— TASK REQUIREMENTS —
Among the entries below, find the line with "Saxx Sport Mesh M vêtement running homme" and the line with "RK Iphone case". Return exactly those lines and every line between them, but no pictures.

— INPUT FOR THIS TASK —

*** Begin section ***

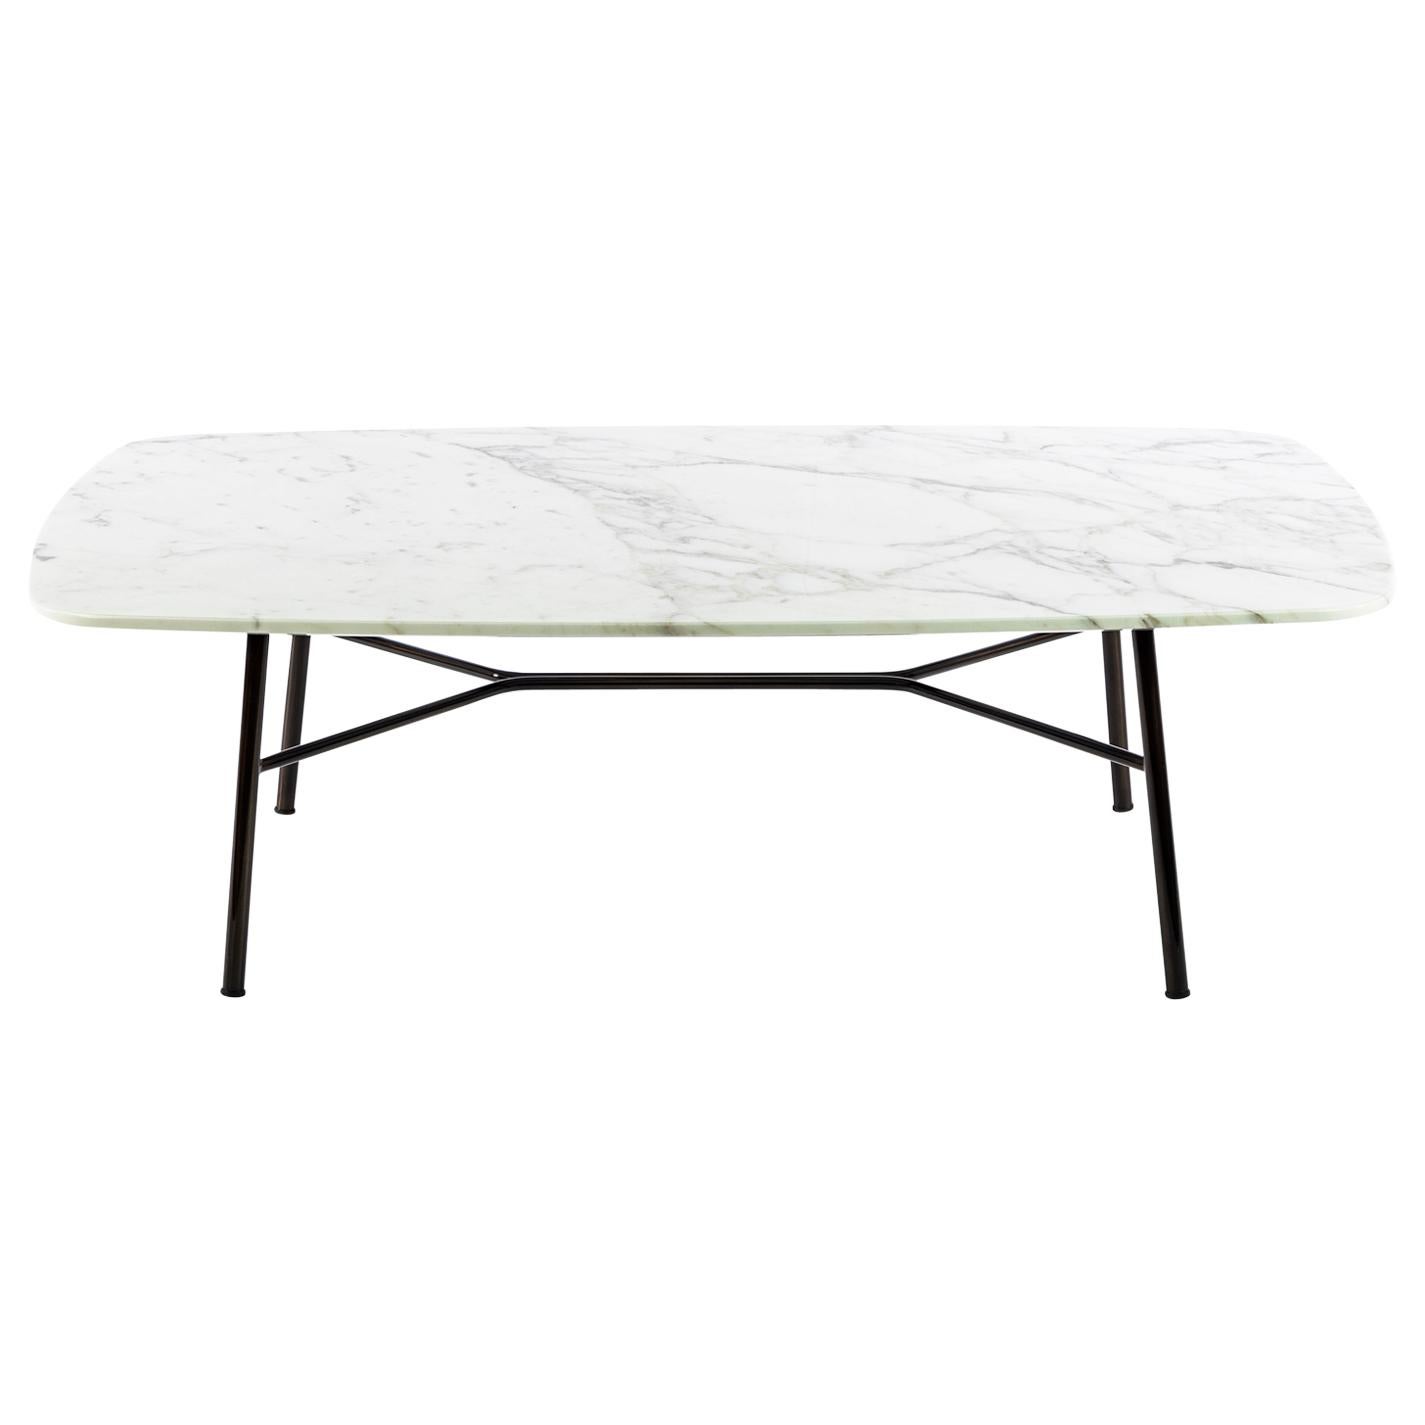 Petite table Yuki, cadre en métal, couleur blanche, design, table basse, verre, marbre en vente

*** End section ***
*** Begin section ***

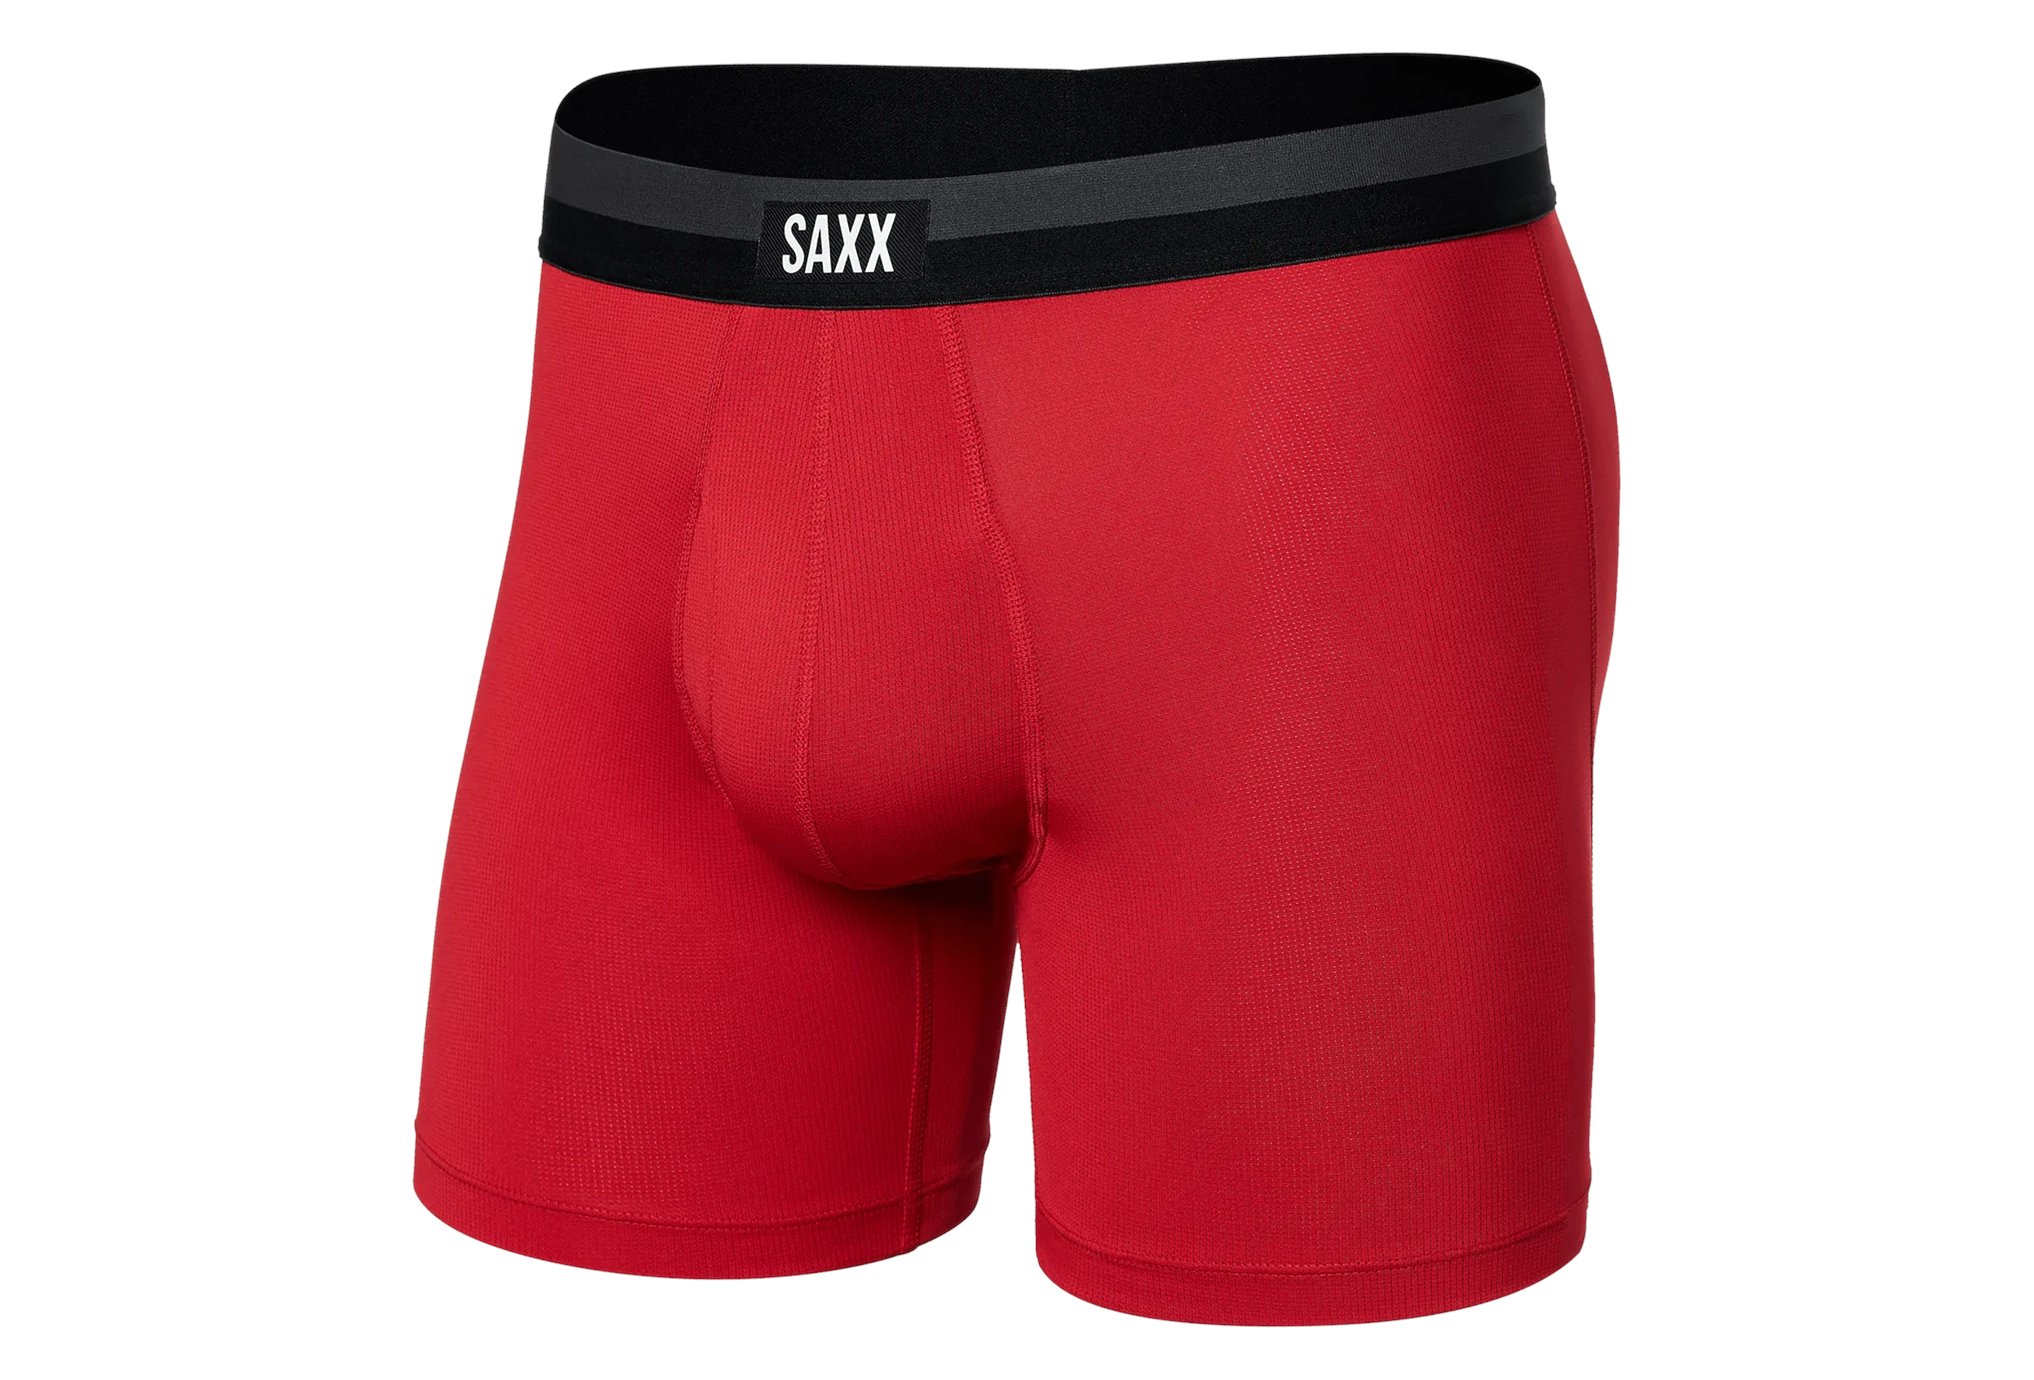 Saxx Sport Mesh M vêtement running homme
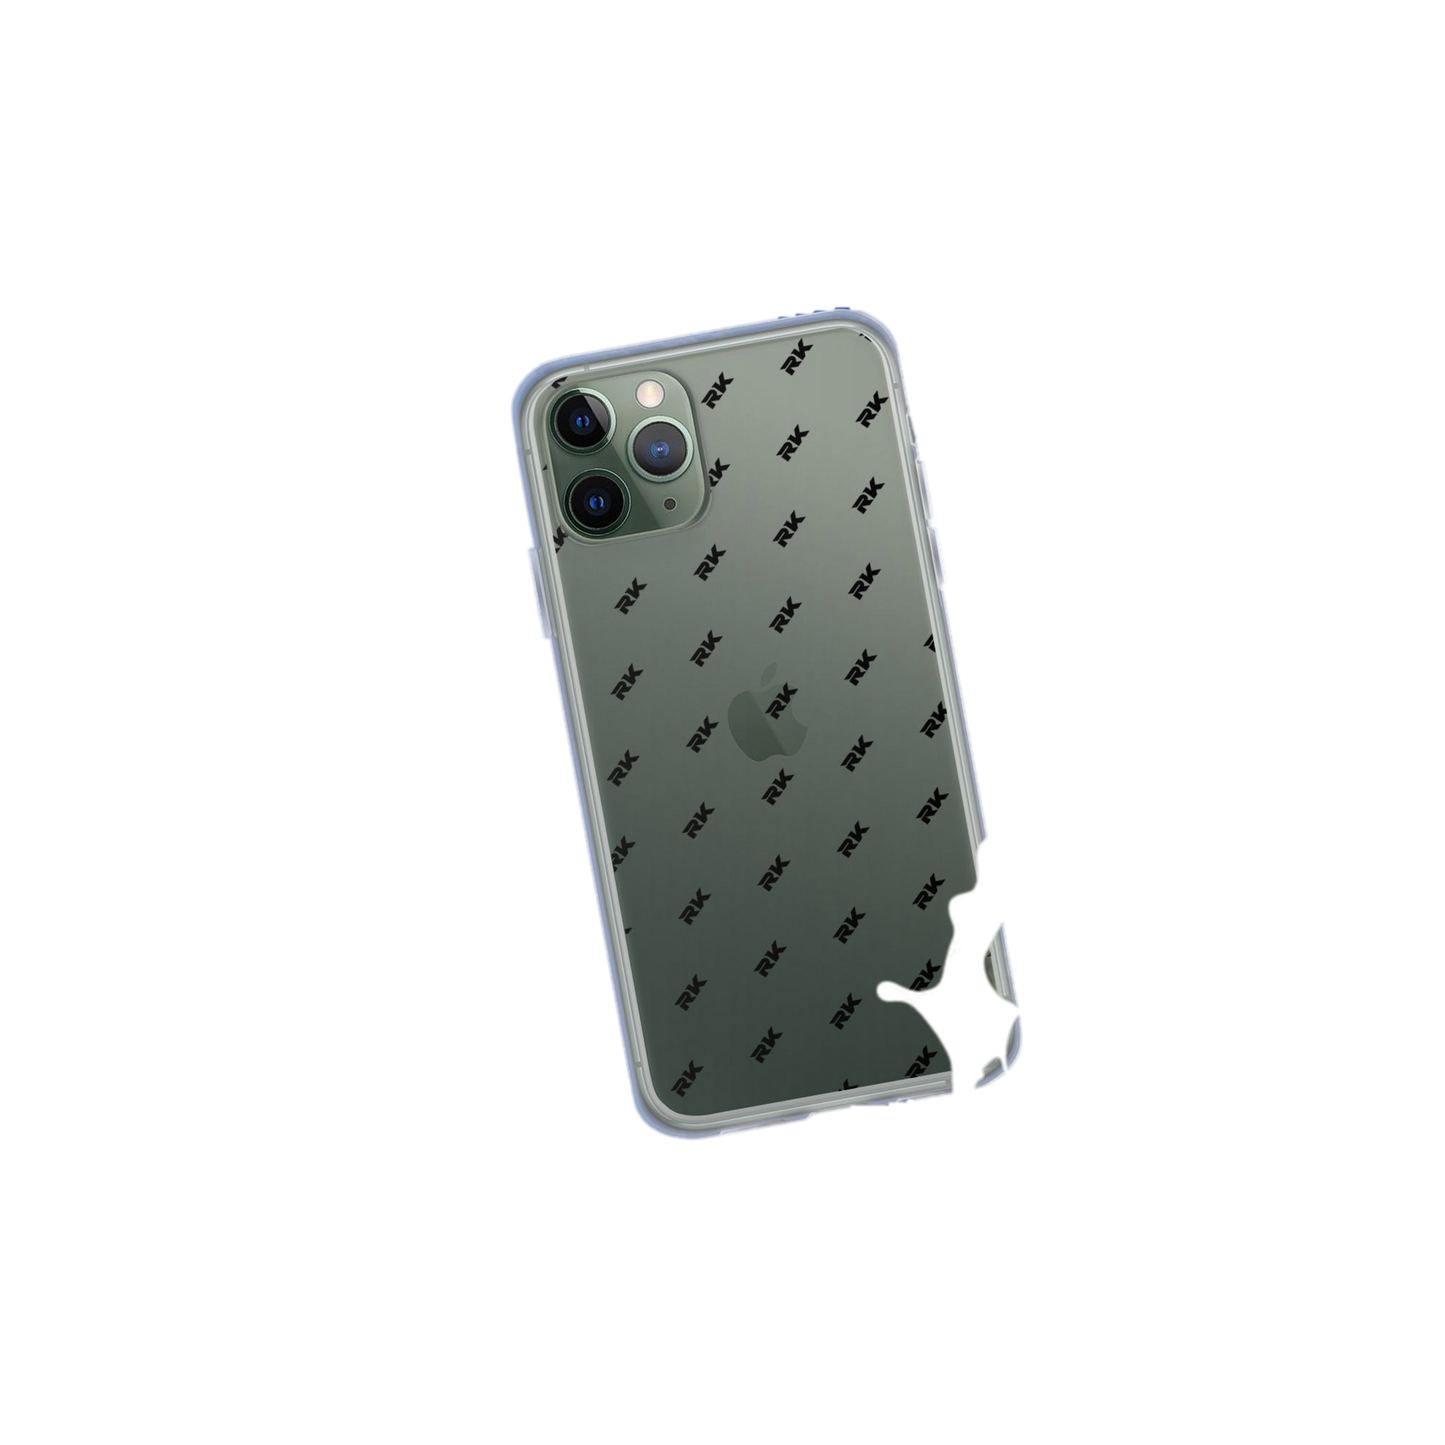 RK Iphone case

*** End section ***

— EXERCISE ANSWER —
 Saxx Sport Mesh M vêtement running homme
 RK Iphone case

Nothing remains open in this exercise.